Despite détente, the Iron Curtain is still a forbidding barrier for Eastern Europeans who would like to live in the West. To penetrate it, desperate refugees swim rivers, crawl under barriers or run a murderous gauntlet of barbed wire, savage patrol dogs and armed guards. One of the boldest escapes of all was carried out last week by an American pilot, Barry Meeker, who whisked three escapees from Czechoslovakia by helicopter.
A Viet Nam veteran who had been shot down seven times on chopper missions, Meeker, 33, had secretly and uneventfully flown a total of eight refugees out of Czechoslovakia on two other occasions, the second only two days earlier. His third trip, as he recounted to TIME Correspondent Christopher Byron, was less routine. Accompanied by a friend, he took off from Munich’s Riem Airport in a rented Bell JetRanger helicopter. Avoiding radar detection by sometimes flying as close as 3 ft. to the ground, he crossed the West German border, passed through neutral Austria and at 150 m.p.h. whipped across the Czech frontier near the Moldau reservoir, a sparsely populated wooded vacation area. As before, he was supposed to set down in a meadow, pick up his four passengers—East Germans like all the others—and within seconds be on his way home.

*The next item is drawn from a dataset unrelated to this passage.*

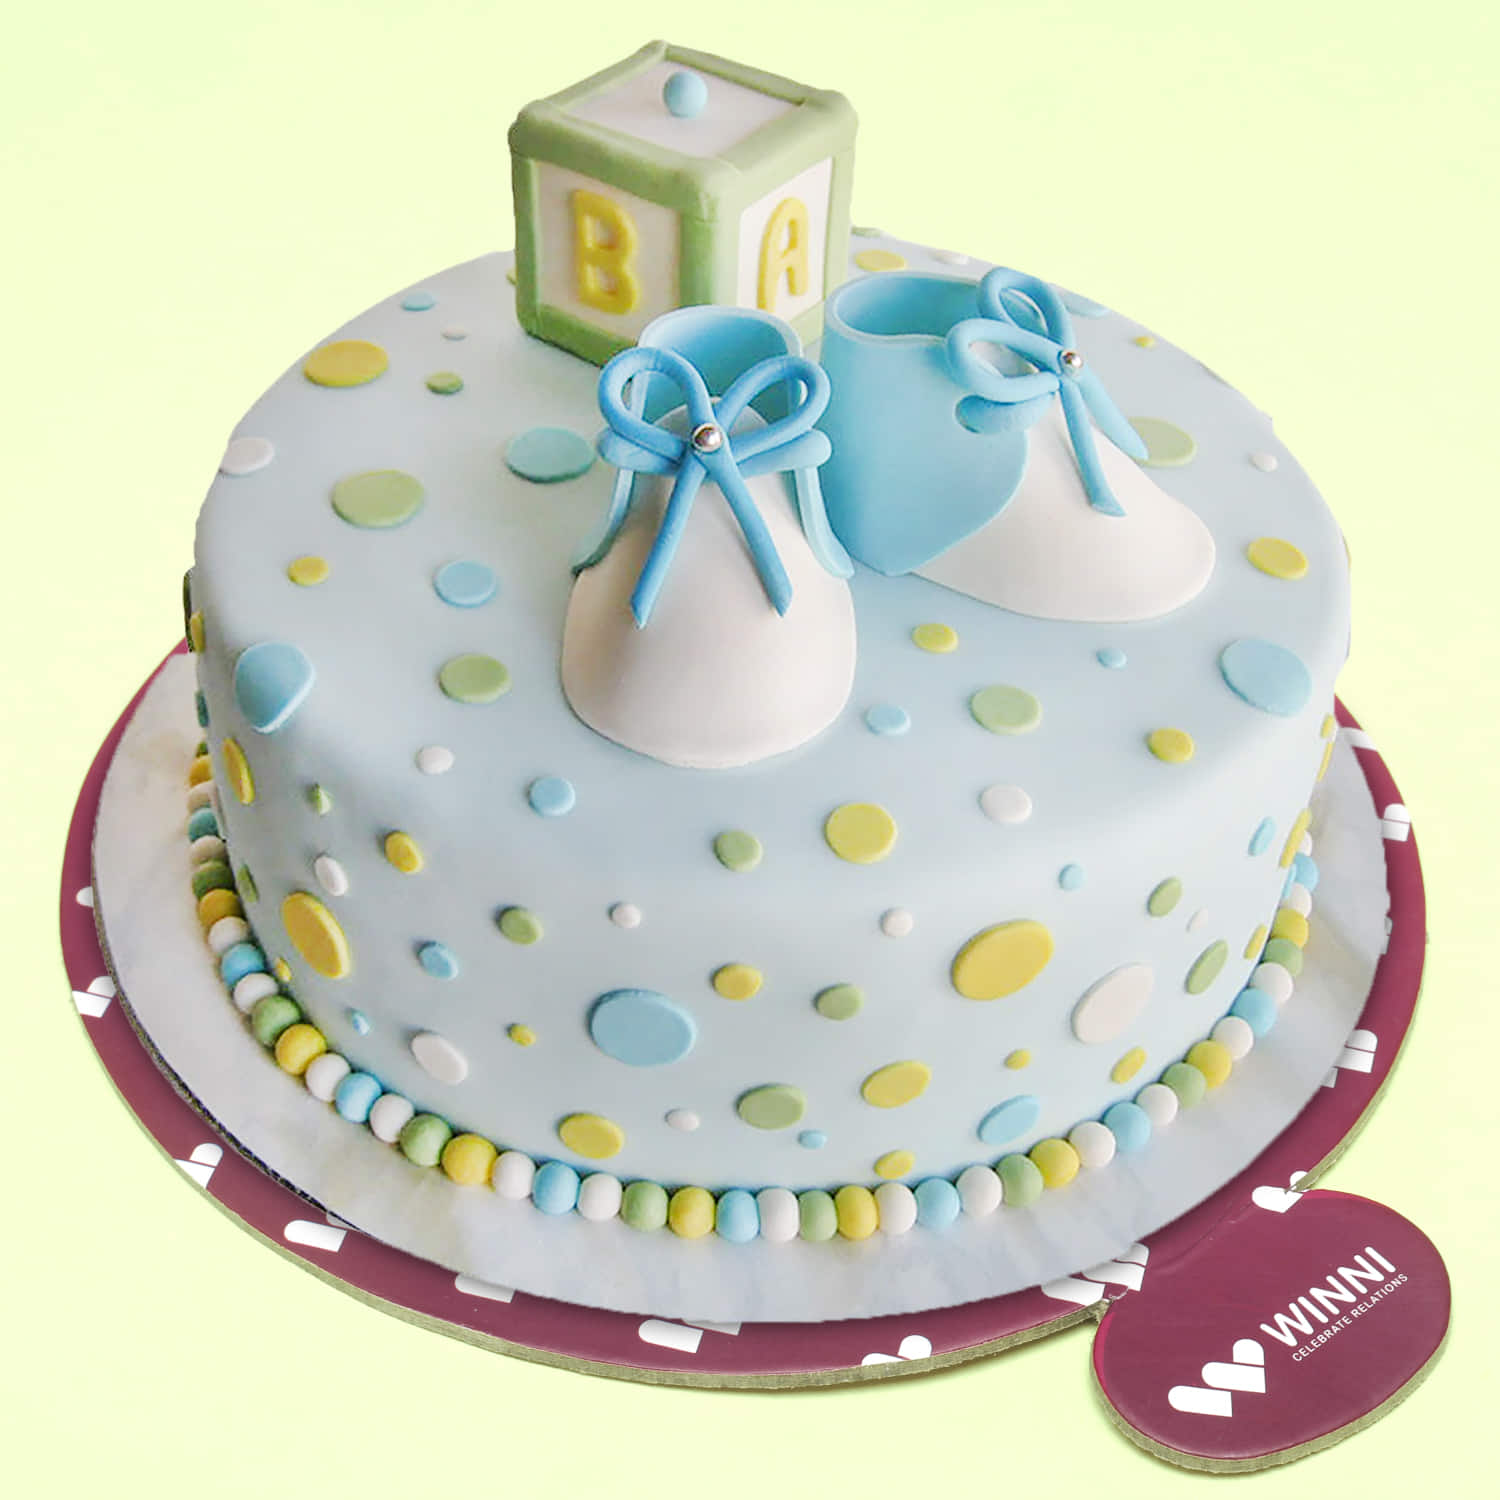 Louboutine shoe | Cake, Novelty cakes, Creative cakes
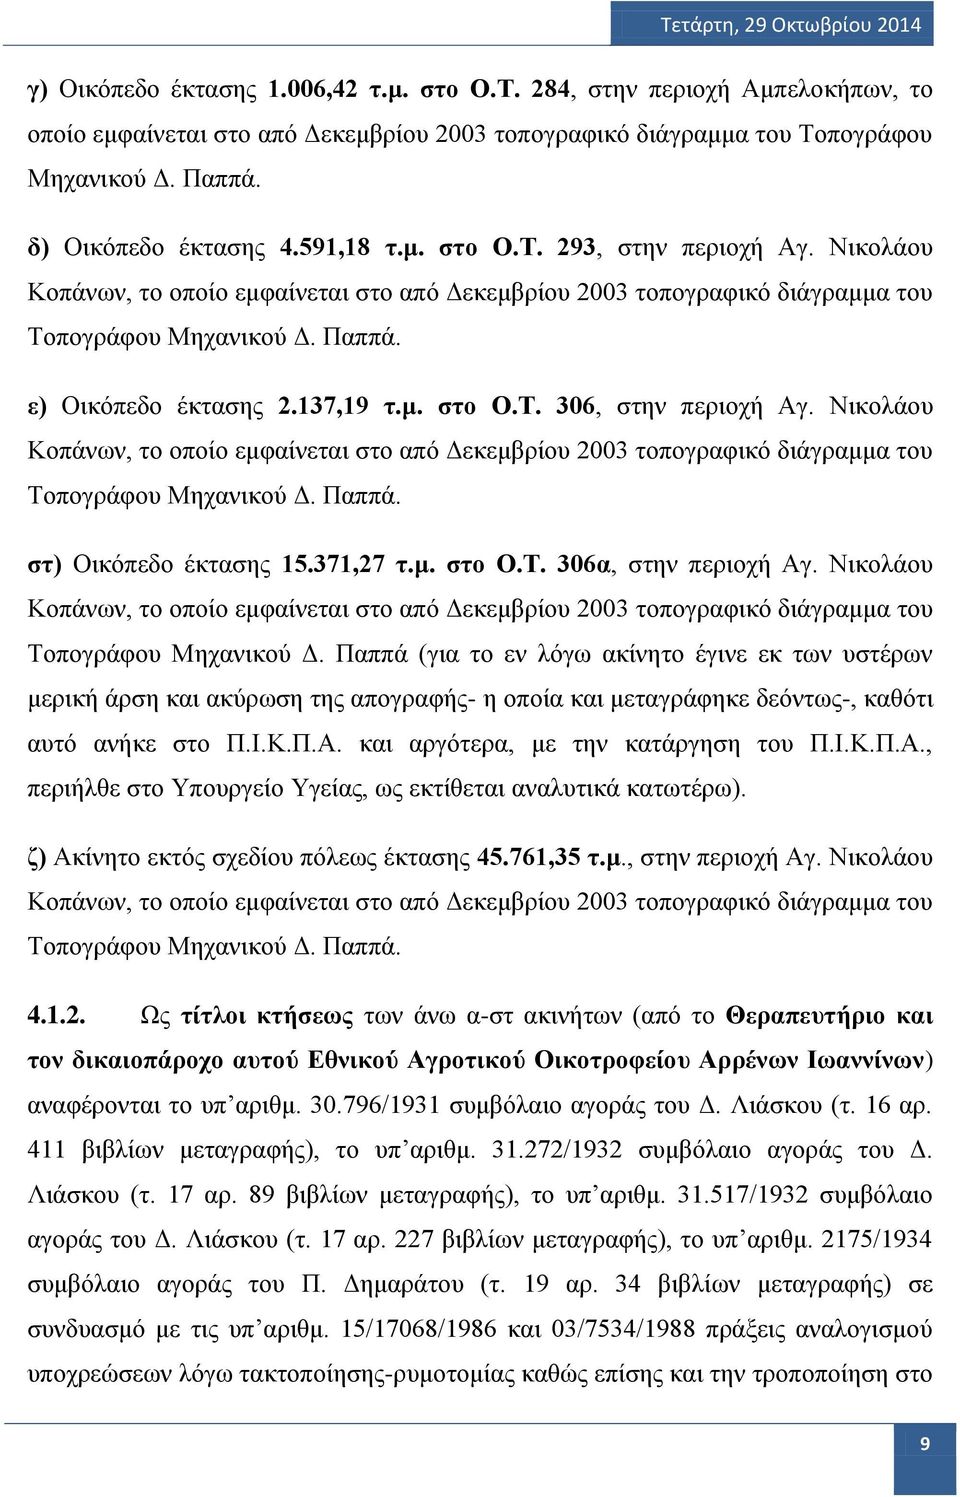 Νικολάου Κοπάνων, το οποίο εμφαίνεται στο από Δεκεμβρίου 2003 τοπογραφικό διάγραμμα του Τοπογράφου Μηχανικού Δ. Παππά. στ) Οικόπεδο έκτασης 15.371,27 τ.μ. στο Ο.Τ. 306α, στην περιοχή Αγ.

But the plan went awry. The refugees—a middle-aged couple, their daughter and an unrelated male university student—were waiting in the wrong spot. Before they reached Meeker’s helicopter, Czech sharpshooters had them in their sights. The two male refugees scrambled inside, but when the girl was 30 ft. from the aircraft, she suddenly stumbled and her leg spouted blood.
Meeker’s helper, Thaddäus Kobrzynski, 26, literally threw the wounded girl into the cabin. An instant later, the girl’s mother also stumbled, apparently wounded. Kobrzynski sprinted 100 ft. down a grassy hill to help her. At that moment a bullet shattered Meeker’s left elbow and hit a rib, a second slammed into the main combustion chamber of the chopper’s turbine and a third struck near the fuel tank. “They’re aimed shots,” Meeker remembers thinking. “In five seconds we’ll all be dead.”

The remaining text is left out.